Poker is beautifully suited to the big screen, but very easy to get wrong. Filming a bunch of characters sitting around a table and making the result work on screen is a challenge.
When choosing the five best poker movies, you have to balance the quality of the movie, the quantity and quality of the poker, and whether the movie captures some sense of what poker feels like.
Here are the five movies that best balance those three things, with an emphasis on the last.
5. Casino Royale (2006)
If Rounders is a time capsule for the nineties, this Bourne-influenced, parkour, poker, and post-9/11 themed Bond movie is a perfect time capsule of the noughties.
It is also, without a doubt, as much a poker movie as a spy film. The movie updates the book's baccarat set pieces to a Texas hold 'em ten-man sit'n'go, played for the soul of a financial terrorist. The actual poker hands are utter nonsense, but the use of poker as a tool of cinema is spot on.
Plus, Bond taking a bad beat and almost conducting an extemporized assassination with a steak knife is a definite poker mood.
4. The Cincinatti Kid (1965)
The Cincinnati Kid is an oddball on this list. At the time of its release, most reviewers saw it as a knock off of TheHustler knock-off. But with Steve McQueen as its lead, the movie coasted on its own cool, gaining respect as it went.
More recent criticism focuses on the absurd final hand and the "moral" it teaches the kid.
However, you'll find the movie makes a lot more sense if you view McQueen's "the Kid" as the only straight player in a world of cheats.
3. Maverick (1994)
Made back when Mel Gibson was able to keep his alleged anti-semitism private, Maverick features Gibson as the titular character and member of the TV dynasty of Wild West gamblers.
The movie has some solid poker in it, and the script by William Goldman of The Princess Bride wrings all the humor you could hope from both the gambling and Western genres.
2. California Split (1974)
Robert Altman is a director better known to film buffs than the general public, but in the 70s he turned out a series of beautiful and engaging genre flicks. In quick succession he turned out M*A*S*H (1969), McCabe and Mrs. Miller (1971), The Long Goodbye (1973), and in 1974 California Split.
The movie follows two degenerate gamblers from California cardrooms to the dog track to a big buy-in stud game in Vegas against Amarillo Slim (played by the man himself).
The more recent Mississippi Grind (2015) just about gets away with not calling itself a remake of this movie.
1. Rounders (1998)
Since 1998, all poker movies have had to live in the shadow of Rounders. Find me a poker player who doesn't convincingly say they don't have a Teddy KGB impression up their sleeve and I'll show you an excellent liar.

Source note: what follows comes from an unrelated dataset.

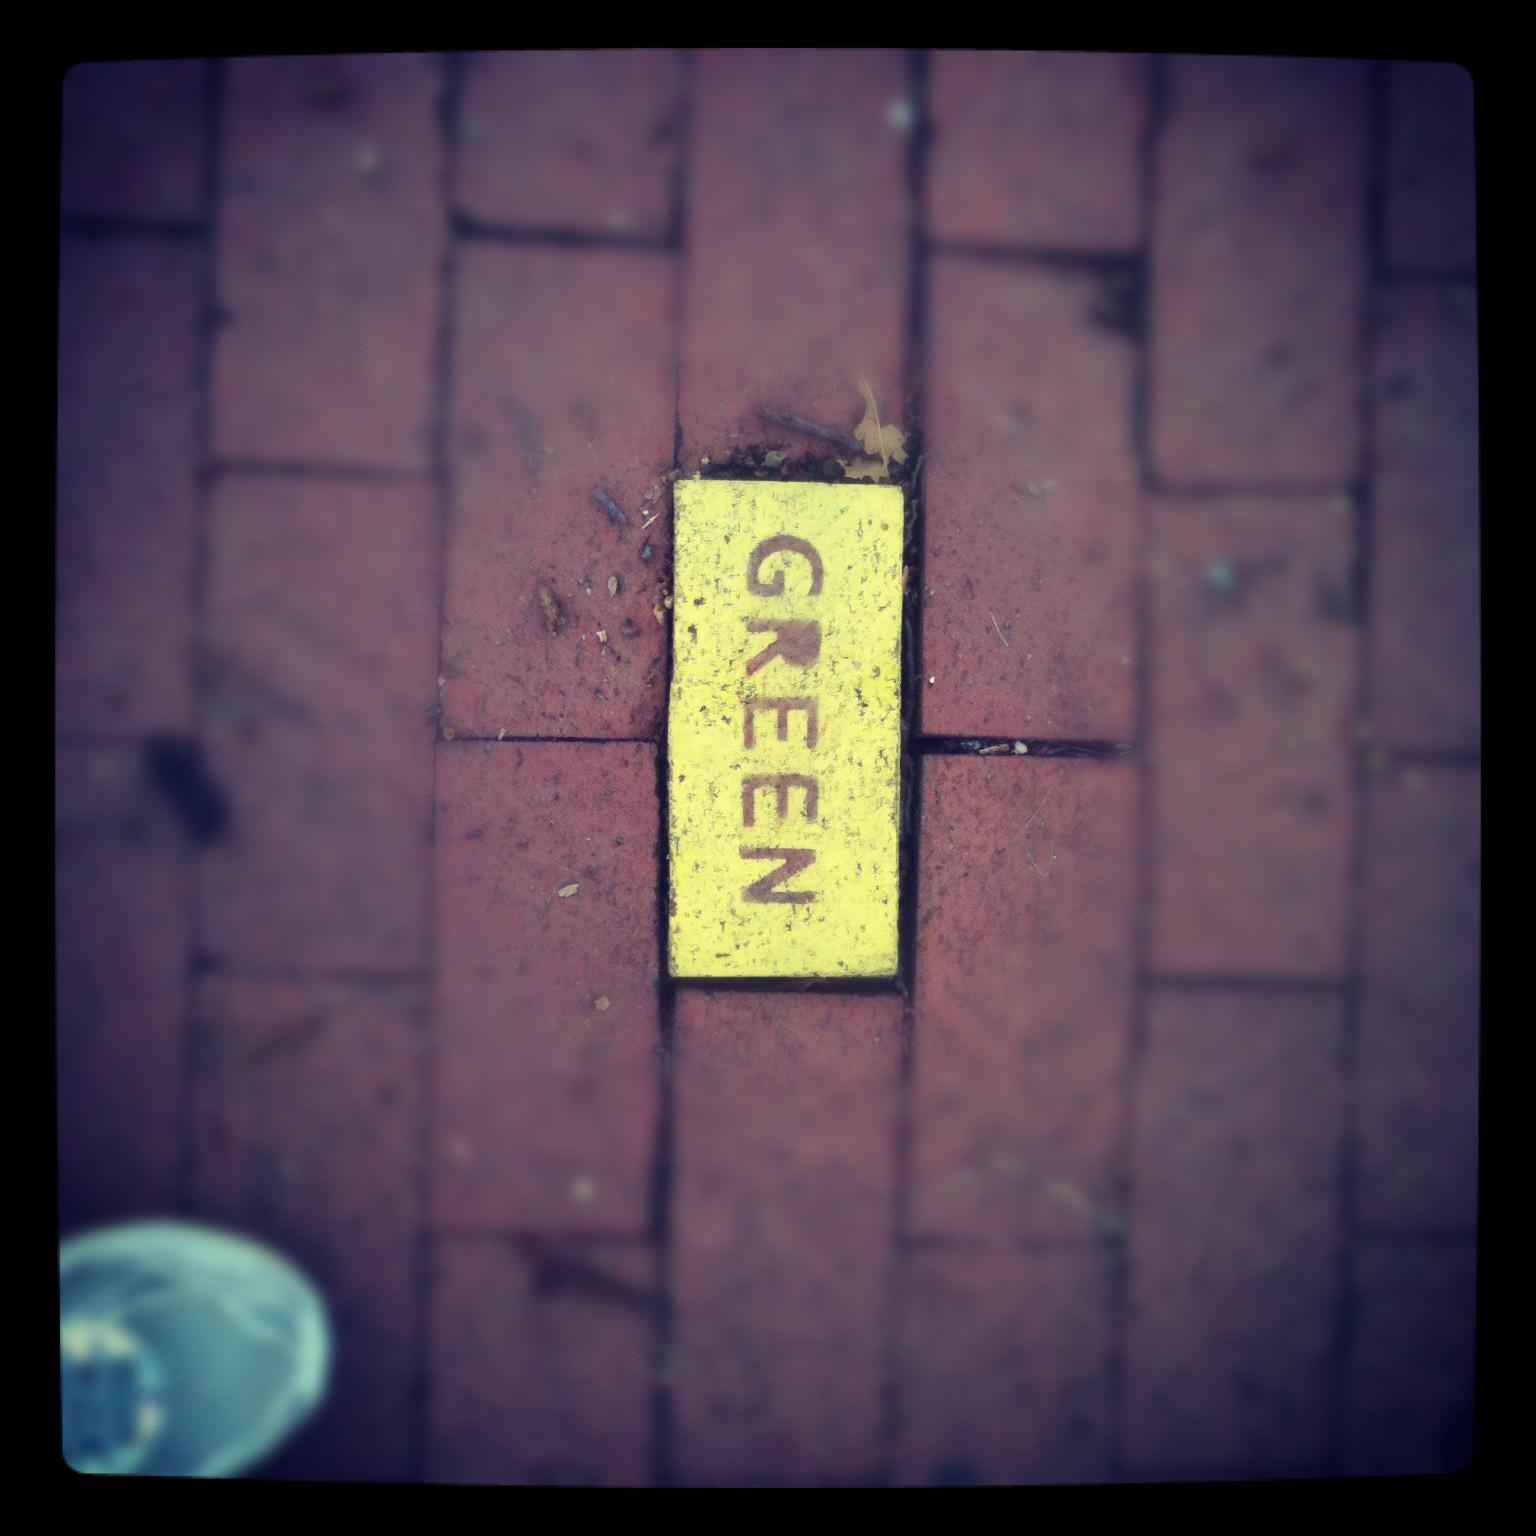 Bricks. Capitol Hill, Washington, DC, July 2012

This movie is a beautiful time capsule of the New York poker scene in the pre-poker boom days. That's the same era that screenwriters Brian Koppelman and David Levien learned the game in.
The dialogue is pitch-perfect and no one slows down the script to explain what an out or tilt is. No other movie on the list manages to balance the mix of seediness and glamor that poker exudes quite as well as this.